# live shrimp ?



## buoy marker (Apr 16, 2009)

was wondering everybody seems touse live shrimp ,is it possible i could use my cast net to catch my own and if so where would be a good place to look here in pensacola,or are the shrimp store bought thank you


----------



## TCGrimsley (Apr 10, 2009)

Shrimp are generally store bought, as shrimp are caught normally offshore, most bait stores carry them, and you DON'T have to use LIVE shrimp, as fresh dead works just as good, without all of the aggrevating airator buckets and stuff, just buy them live, throw them in a zip-lock bag, and go fish, it is the FRESH part that fish love, not neccessarily the live!!!


----------



## bullminnow (Mar 2, 2008)

I used to catch them by walking along the shoreline at night (soundside) with a flashlight and a small net. When I saw their little eyes I scooped them up!


----------



## reelthrill (Oct 3, 2007)

They are much easier to seine in the grass beds than throwing a net. I only use them for black snapper and sheepshead. If you try using them for specks,etc.. too many trash fish will eat them.


----------



## pb&jellyfish (May 1, 2008)

I'd argue that live shrimp are much better than dead shrimp most all the time. There are a few exceptions though. In any case, you will have to buy them; however, at certain times of the year you can net them if you know where to go. I don't have much experience on this though, but would like to hear if anyone does this.


----------



## Nitzey (Oct 9, 2007)

I live on Escambia Bay and at times see shrimp in the water. Once in a while there is a huge school of very large shrimp. However, there is not enough regularity to make it worthwhile to use a cast net. Maybe there is something I do not know. 

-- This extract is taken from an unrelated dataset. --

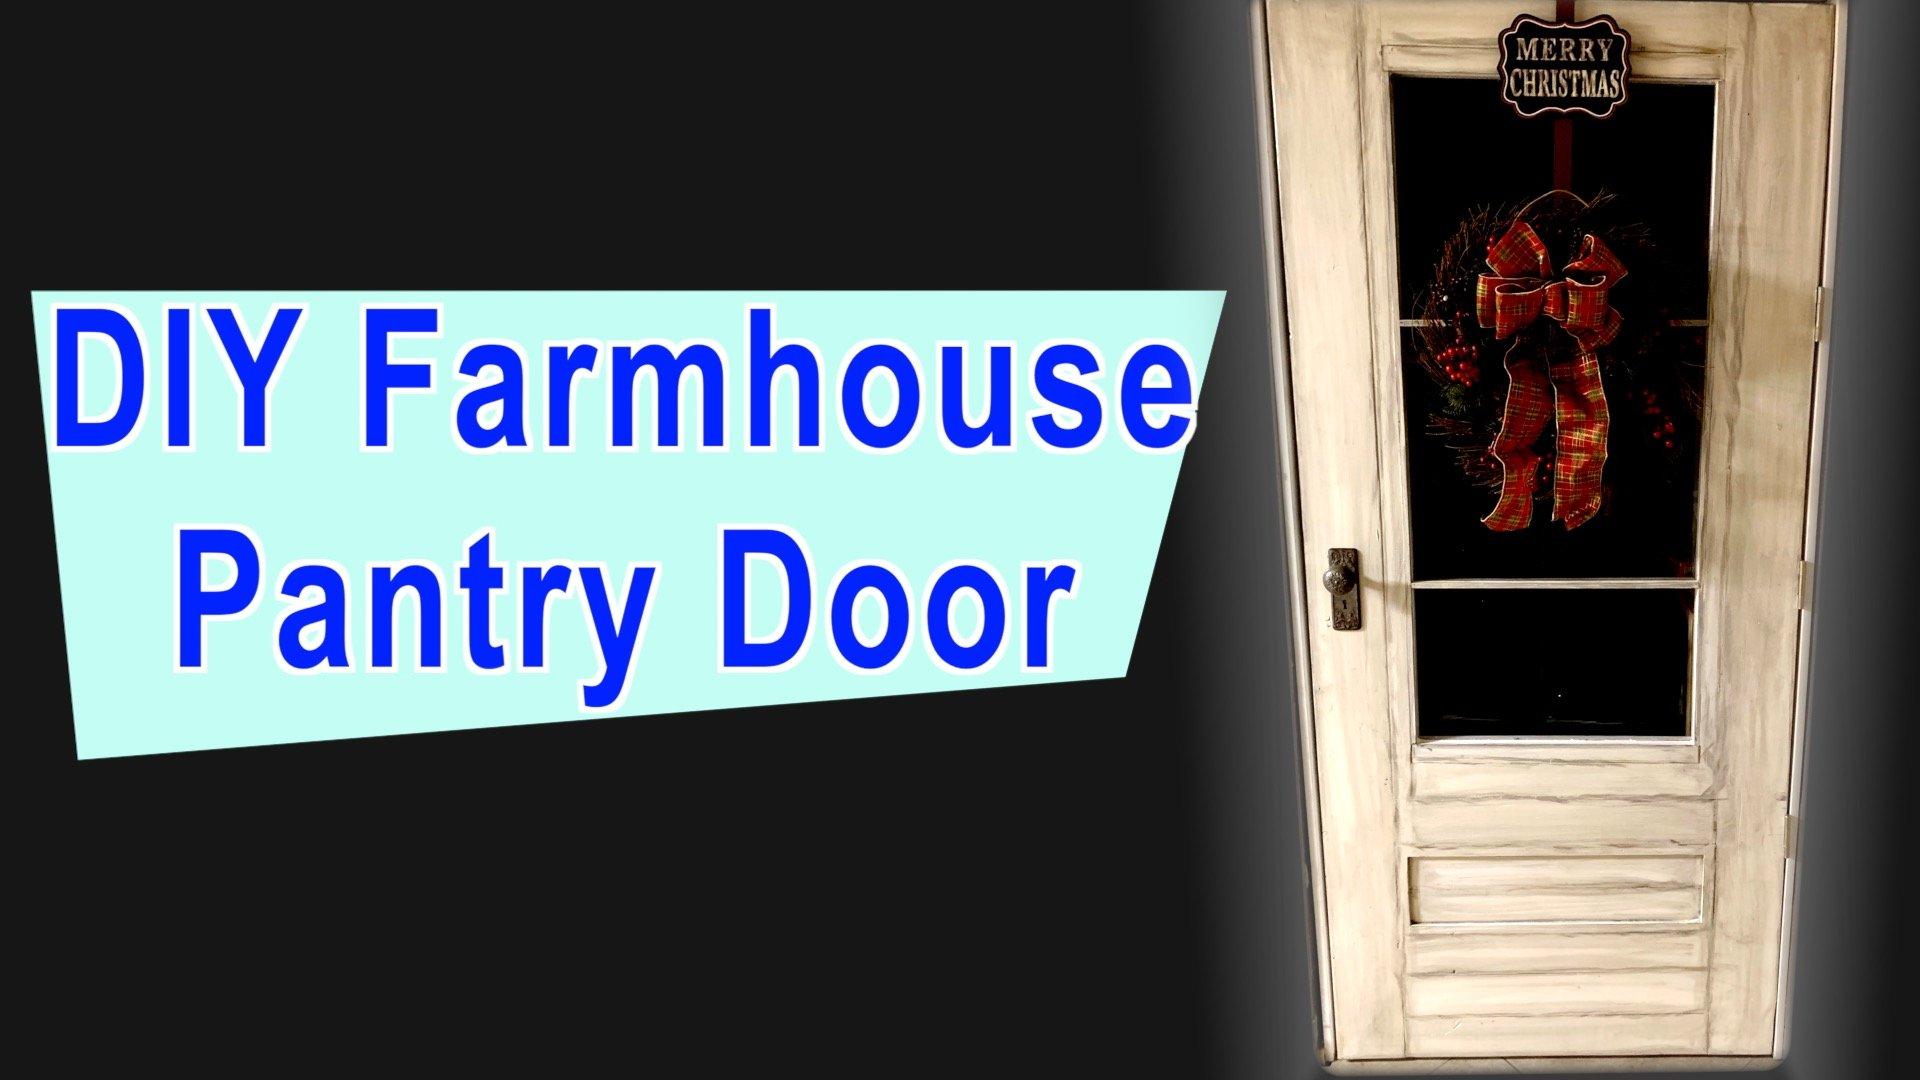 DIY Farmhouse Pantry Door with Glass

When I lived in Savannah, it was easy to catch buckets of shrimp. But tides there were much higher and the surest thing was to cast a net at the outlet of marshes from 2 hours before low tide to 2 hours after low tide.


----------



## REDFISH101 (Mar 27, 2009)

i have also walked down grassey shorelines with a flashlight and scoop net just looking for small glowing eyes its pretty easy to see them but it is just certain tides and times of the year and i did good most the time gl..:letsdrink


----------



## buoy marker (Apr 16, 2009)

when your talking large shrimp ,do you mean like two or three inch shrimp and what are the cost of live shrimp, shrimp back home are normally expensive and frozen


----------



## supatooma15 (Mar 6, 2009)

A dozen shrimp cost 3.50 at most bait stores.


----------



## buoy marker (Apr 16, 2009)

thank you for all the replys they have been helpful


----------



## whipper snapper (Sep 30, 2007)

if you have alot more time than money, at night you cango to a shallow grassy area about a 1' - 1 1/2' turn a 5 gal. bucket upside down, and put a coleman lantern on top. get a dip net to catch them as they come to the light...


----------